Alexander Gardner, Civil War Photographer

The world of photography was changed profoundly by Alexander Gardner when he raced to the Civil War battlefield of Antietam in September 1862 and took shocking photographs of Americans who had been killed in combat. Photographs had been taken in earlier conflicts, especially in the Crimean War, but other photographers had concentrated on shooting portraits of officers.

During the Civil War the cameras used could not capture action. But Gardner sensed that the dramatic effect of capturing the aftermath of a battle would be captivating. His photographs from Antietam became a sensation, especially as they brought the horrors of the battlefield home to Americans.

Alexander Gardner, Scottish Immigrant, Became an American Photography Pioneer

Gardner's Gallery
Gardner's Gallery, Washington, D.C. Library of Congress

The American Civil War was the first war to be widely photographed. And many of the iconic images of the conflict are the work of one photographer. While Mathew Brady is the name generally associated with Civil War images, it was Alexander Gardner, who worked for Brady’s company, who actually took many of the best-known photos of the war.

Gardner was born in Scotland on October 17, 1821. Apprenticed to a jeweler in his youth, he worked at that trade before changing careers and taking a job for a finance company. At some point in the mid-1850s he became very interested in photography and learned to use the new “wet plate collodion” process.

In 1856 Gardner, along with his wife and children, came to the United States. Gardner made contact with Matthew Brady, whose photographs he had seen at an exhibition in London years earlier.

Gardner was hired by Brady, and in 1856 he began running a photographic studio Brady had opened in Washington, D.C. With Gardner’s experience as both businessman and photographer, the studio in Washington prospered.

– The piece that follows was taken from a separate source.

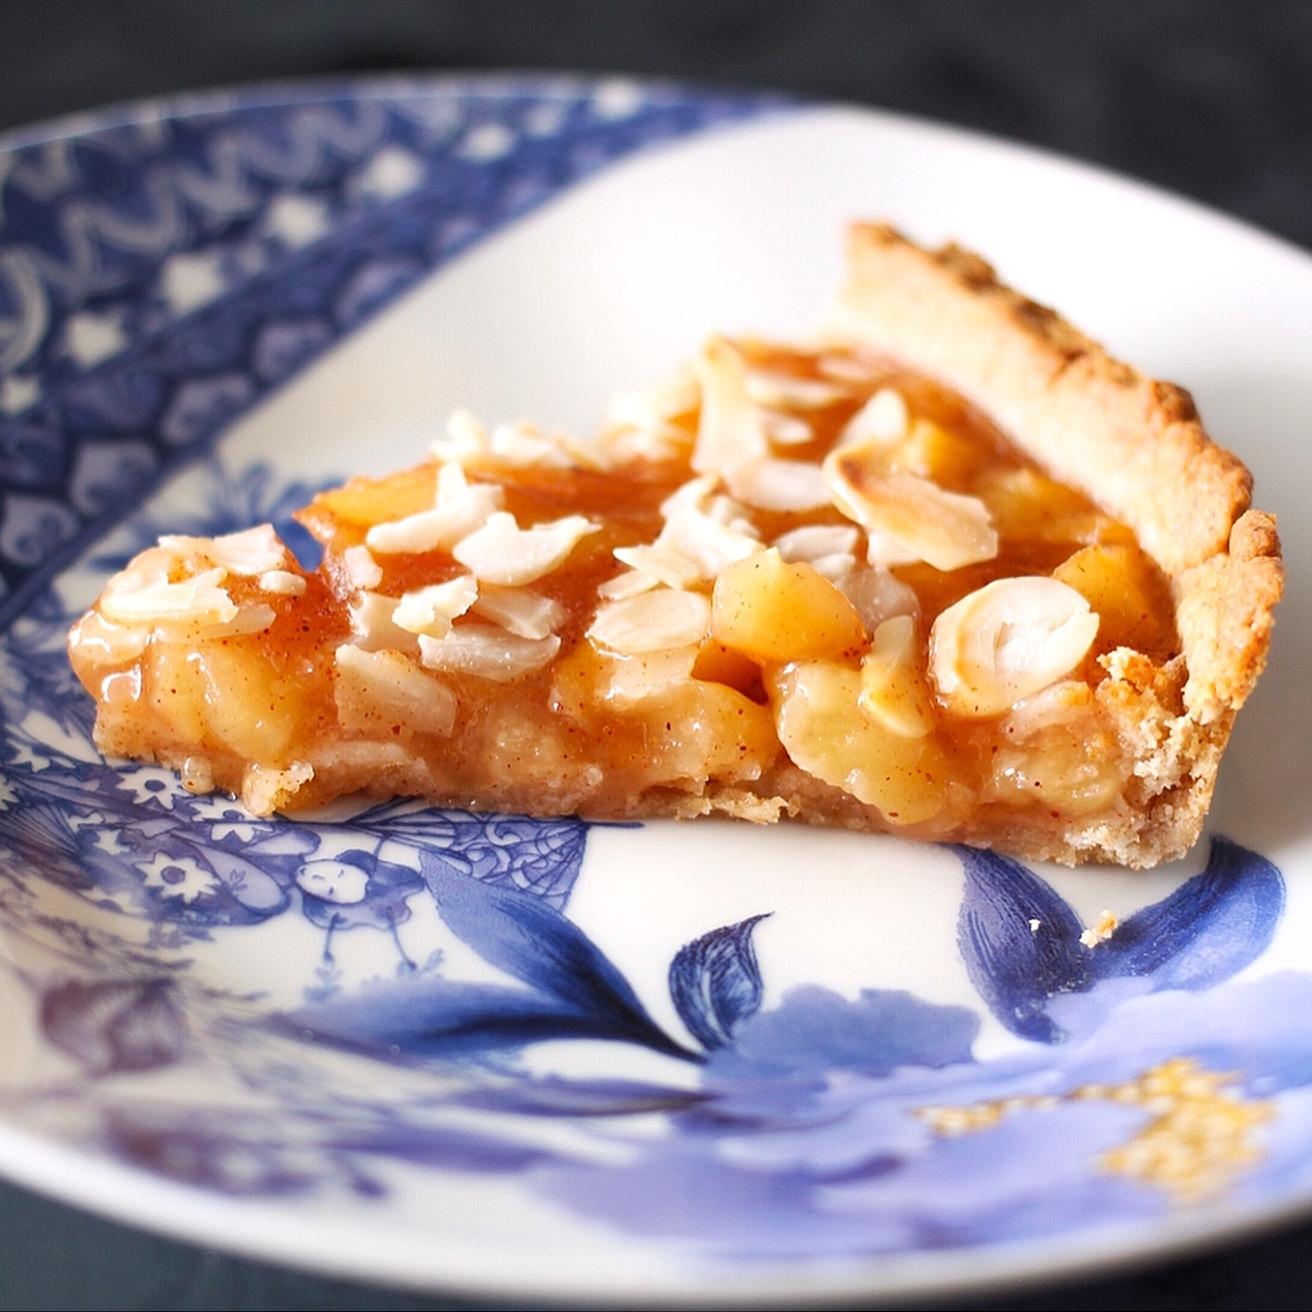 healthy classic apple pie by @kitchenart_ist

Brady and Gardner worked together until about the end of 1862. At the time, it was standard practice for the owner of a photographic studio to claim credit for all the images shot by photographers in his employ. It is believed that Gardner became unhappy about that, and left Brady so photographs he took would no longer be credited to Brady.

In the spring of 1863 Gardner opened his own studio in Washington, D.C.

Throughout the years of the Civil War, Alexander Gardner would make history with his camera, shooting dramatic scenes on battlefields as well as evocative portraits of President Abraham Lincoln.

Civil War Photography Was Difficult, But Could Be Profitable

Civil War Photographer's Wagon
Photographer's Wagon, Virginia, Summer 1862. Library of Congress

Alexander Gardner, while running Matthew Brady’s Washington studio in early 1861, had the foresight to prepare for the Civil War. The great numbers of soldiers flooding into the city of Washington created a market for souvenir portraits, and Gardner was ready to shoot portraits of men in their new uniforms.

He had ordered special cameras which took four photographs at once. The four images printed on one page would be cut apart, and soldiers would have what were known as carte de visite photographs to send home.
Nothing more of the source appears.